On Tuesday, 3 June 2014 at 22:05:29 UTC, TheFlyingFiddle wrote:
Well one reason for this is that unlike methods it is hard to
resolve ambiguity between diffrent operator overloads that have
been defined in diffrent modules.
Example: 2D-vectors
//vector.d
struct Vector
{
float x, y;
}
//cartesian.d
Vector opBinary(string op : "+")(ref Vector lhs, ref Vector rhs)
{
//Code for adding two cartesian vectors.
}
//polar.d
Vector opBinary(string op : "+")(ref Vector lhs, ref Vector rhs)
{
//Code for adding two polar vectors.
}
//main.d
import polar, vector;
void main()
{
auto a = Vector(2, 5);
auto b = Vector(4, 10);
auto c = a + b; //What overload should we pick here?
//This ambiguity could potentially be resolved like this:
auto d = polar.opBinary!"+"(a, b);
//But... This defeats the whole purpose of operators.
}
Interesting point.
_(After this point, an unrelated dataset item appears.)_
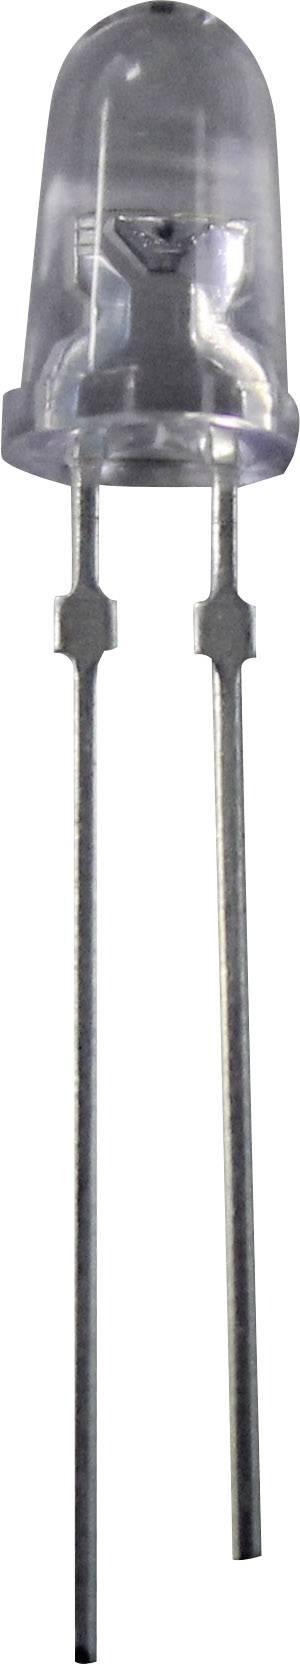 LED dioda kulatá s vývody Nichia, 20 mA, 3 mm, 3,2 V, 30 °, 9600 mcd, zelená, NSPG310A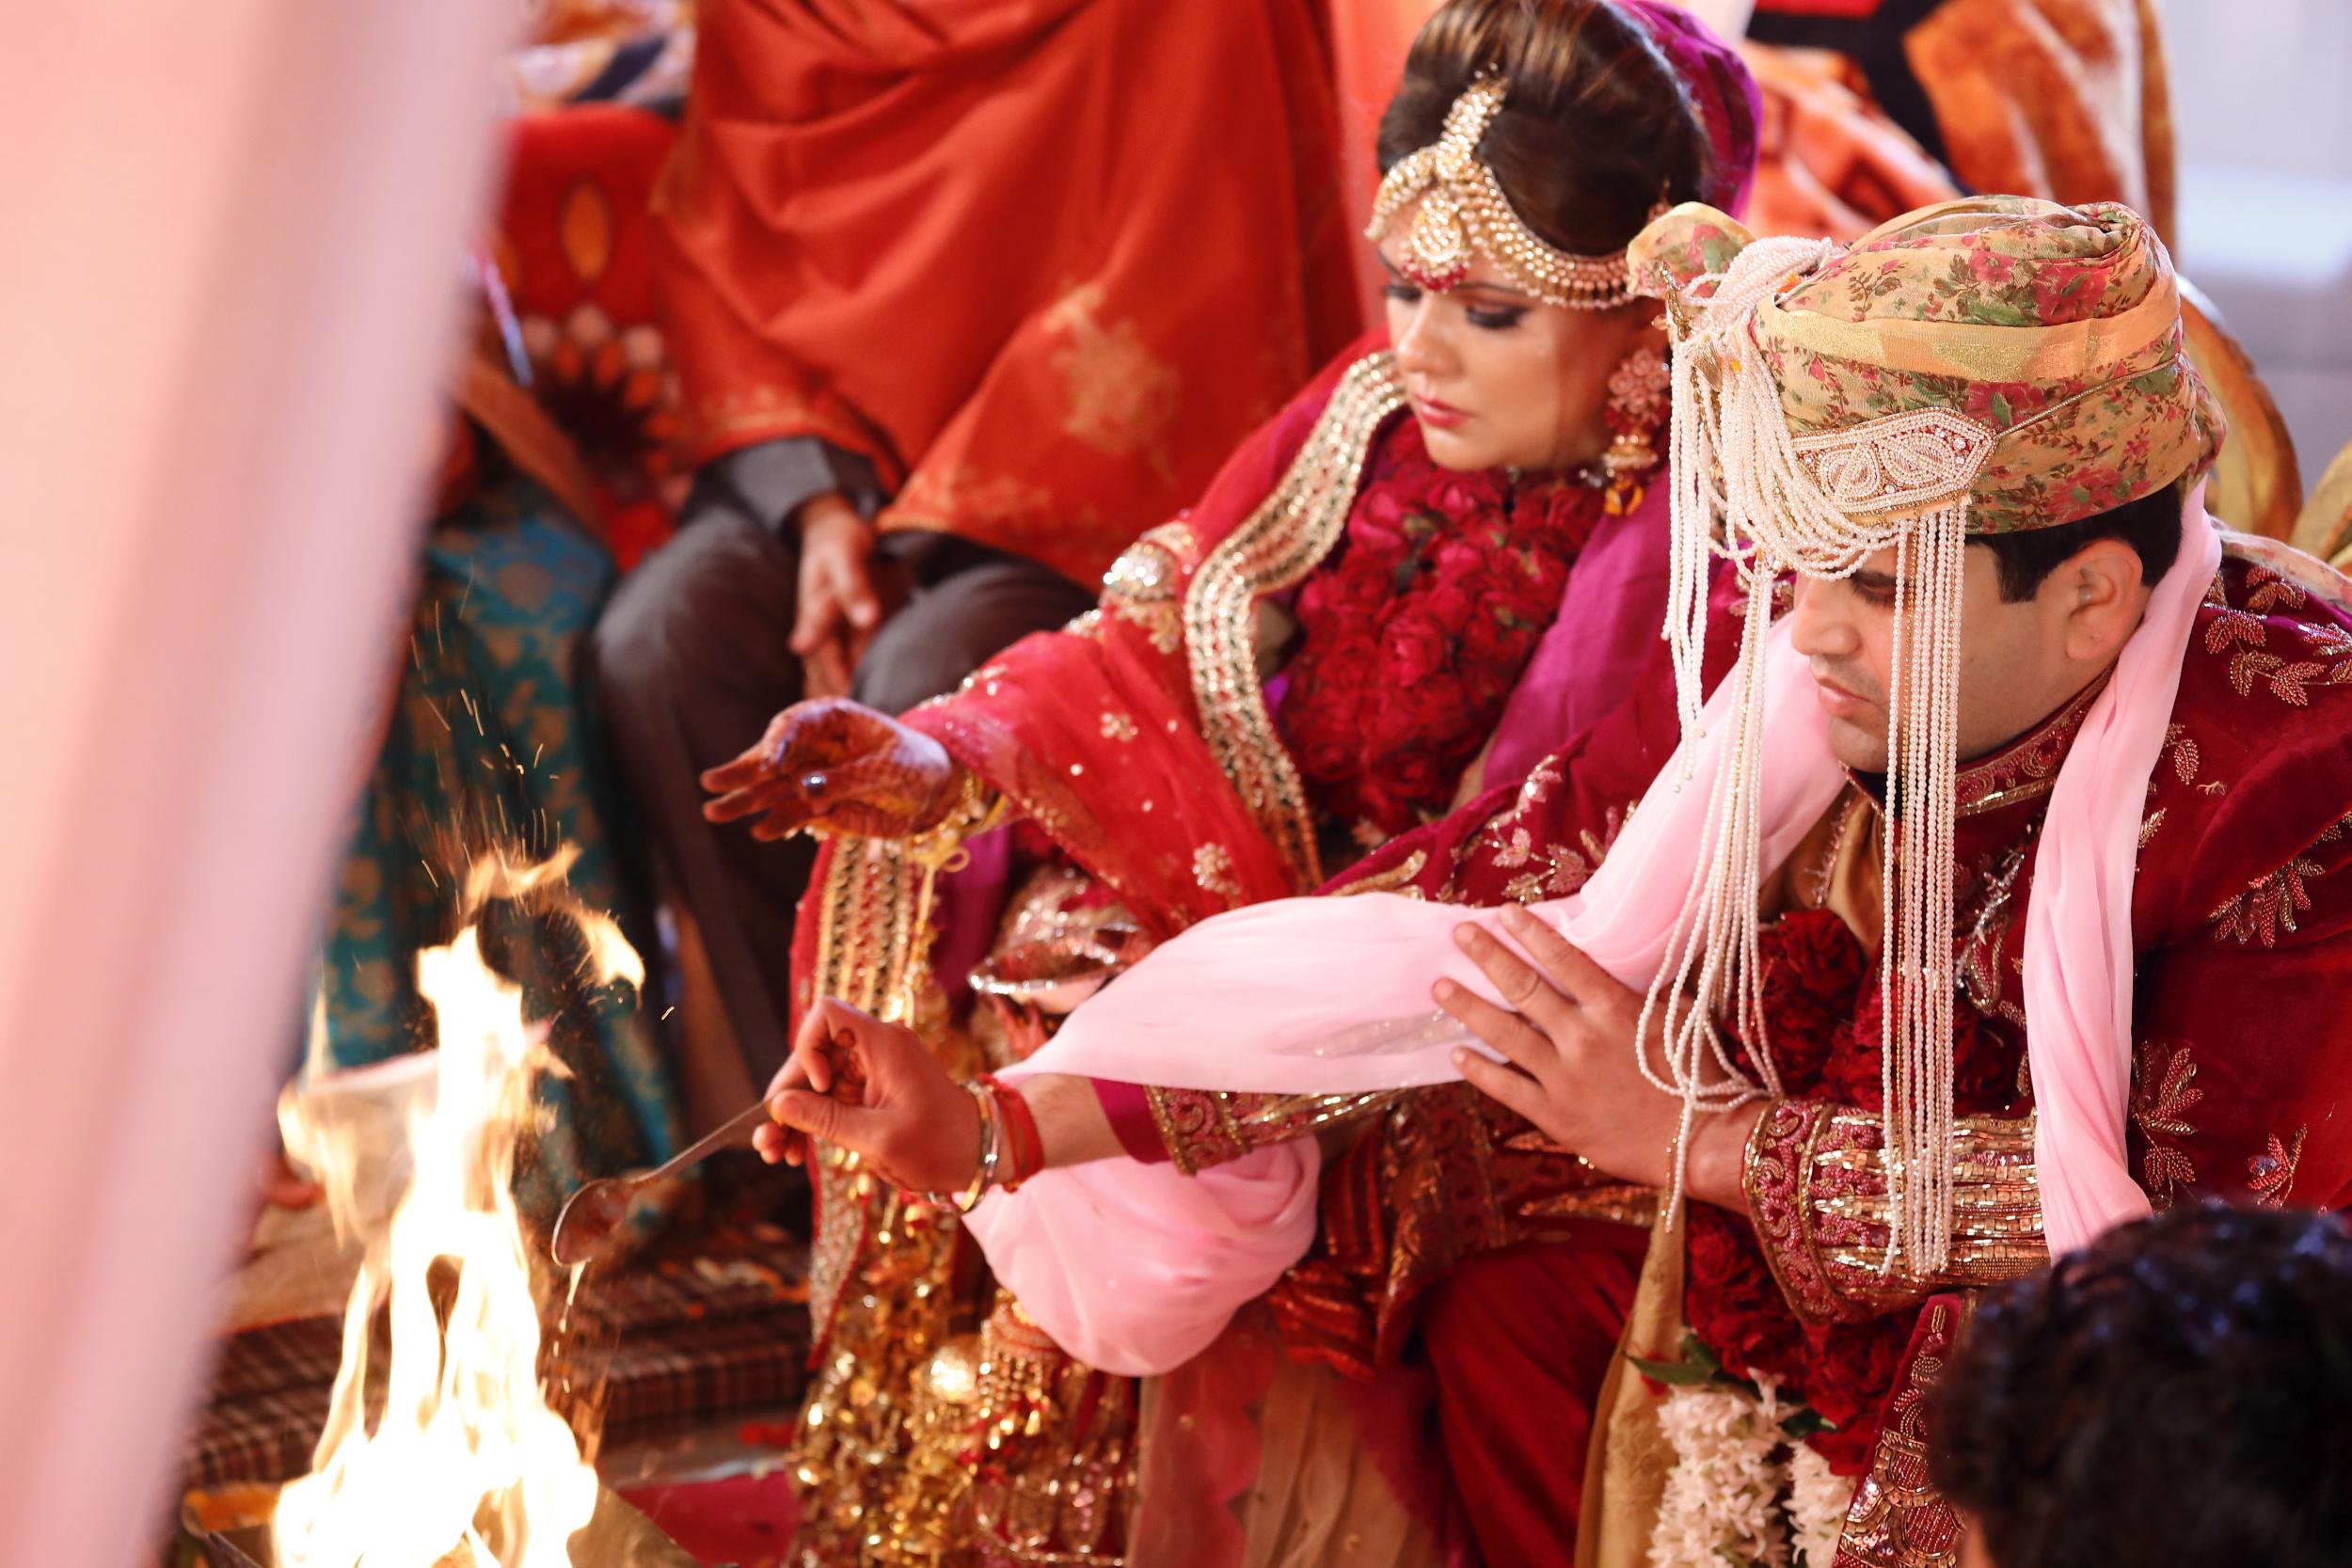 Candid wedding photographersC69A1243 Delhi

However, I believe this is also the case for
ordinary functions used with UFCS:
// cartesian.d
Vector add(ref Vector lhs, ref Vector rhs)
{ /* Code for adding two cartesian vectors. */ }
// polar.d
Vector add(ref Vector lhs, ref Vector rhs)
{ /* Code for adding two polar vectors. */ }
// main.d
import polar, vector;
void main()
{
auto a = Vector(2, 5);
auto b = Vector(4, 10);
auto c = a.add(b); // What overload should we pick here?
// The fully qualified form looks quite different,
// but it's rare, and intentionally explicit about what's
// really going on, so that's OK.
auto d = polar.add(a, b);
}
It strikes me that ambiguous cases are not nearly as common as
unambiguous cases, especially if you use selective imports.
I believe Julia uses a re-write rule for its operators: the first
thing the compiler does when evaluating an operator expression is
re-write it as a function call; after that, all the language's
resolution rules apply as they would to any other function call.
D could easily take this approach, simplifying the language while
maintaining backwards-compatibility.
Side note:
You can achieve what you want to do with template mixins.
...
While this implementation is not as clean as global operator
overloading it works today and it makes it very simple to add
operators to new types of grids.
Thanks for the example. This is actually my current solution :)
However, as you allude to, I'm not a huge fan of it because
1) It requires boilerplate on the part of library users.
2) It makes you scratch your head and go "Huh; operator and
non-operator functions have different compile-time polymorphism
capabilities; why is that?"